Platforms have different levels of regulations and controls in place, some of them are less regulated, like GooglePlay, and others are highly controlled such as the AppleStore. Although the power of production has been further decentralised, the control is still very much at the hands of companies such as Google and Apple.

One of the most revolutionary ways in which the app economy has affected the centralisation to decentralisation flow was the acceleration of the ‘sharing economy’.

Marketplaces like Uber, Airbnb facilitate peer-to-peer interactions by acting as intermediaries between providers and consumers who don’t yet know each other. Overall, those marketplaces dress up their corporate practices in a peer-to-peer gown, while regulating and controlling the platform to their advantage. Uber, for example, doesn’t necessarily charge you/pays the driver according to the route; its algorithms are smart and can figure out what you are willing to pay and charge you accordingly, paying a much smaller amount to the driver.

Although, in history, the middlemen have always met a fatal destiny, as markets tend to gravitate towards efficiency and vertical integration. The middlemen always get replaced with more efficient alternatives.

In the example of Uber and Airbnb, we also saw the retaliation of governments when it comes to enabling a real peer-to-peer economy. Both companies were brought to court, banned or heavily regulated all around the world.
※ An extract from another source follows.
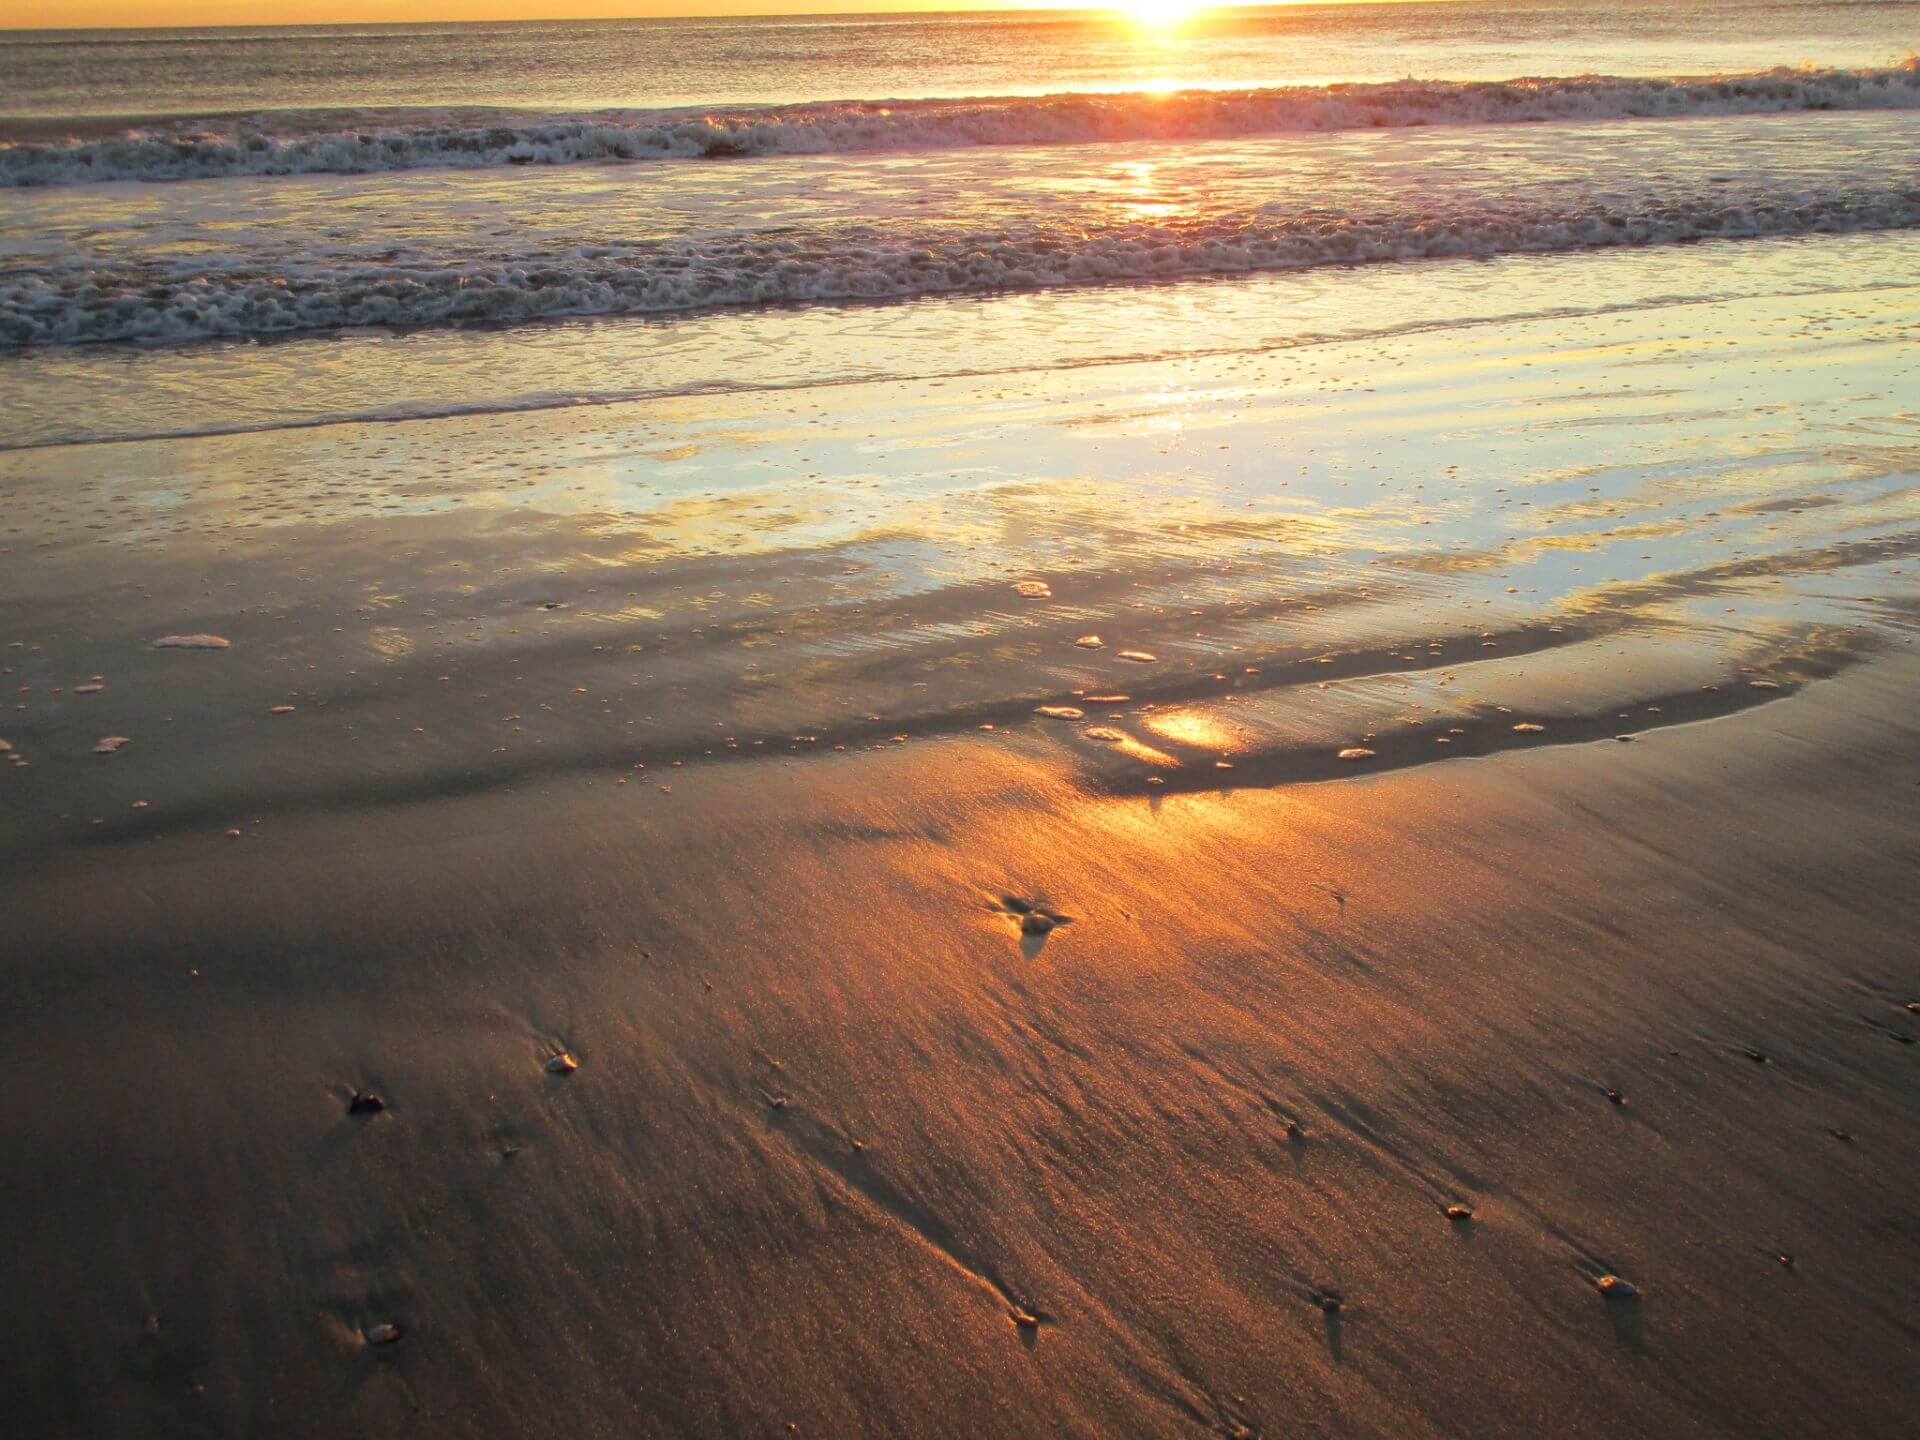 ocean sunset reflecting golden on the sand

In 2008, while everyone was busy figuring out the app-economy, the blockchain was invented. A technology that I believe has the potential to truly liberate our society from the shackles of previously centralized systems for three main reasons:

  • As the blockchain is truly decentralised. It is not owned or controlled by any central entity, therefore it has no single point of failure or control. It gives us security and censorship resistance
  • Decentralised marketplaces use token economics to incentivising users, creating a “better than free” business model and designing a distribution framework that rewards those who contribute the most value in the network
  • Blockchain Marketplaces are truly global and are not bound by any specific local laws and banking regulations, creating a major competitive advantage over centralised marketplaces.

Looking at the last 30 years alone, we saw the structures flowing from centralisation, to internet-powered decentralisation, and then data-driven accelerated centralisation. At this stage, I believe we are on the cusp of experiencing major blockchain-enabled decentralisation. This phase has the power to be equally as transformative as the internet itself.

Deep down, I believe that this will be a change in the distribution of power and responsibility throughout the entire chain. Arriving at a place where organisations and governments are more transparent, while users enjoy the freedom to choose how they lead their personal lives.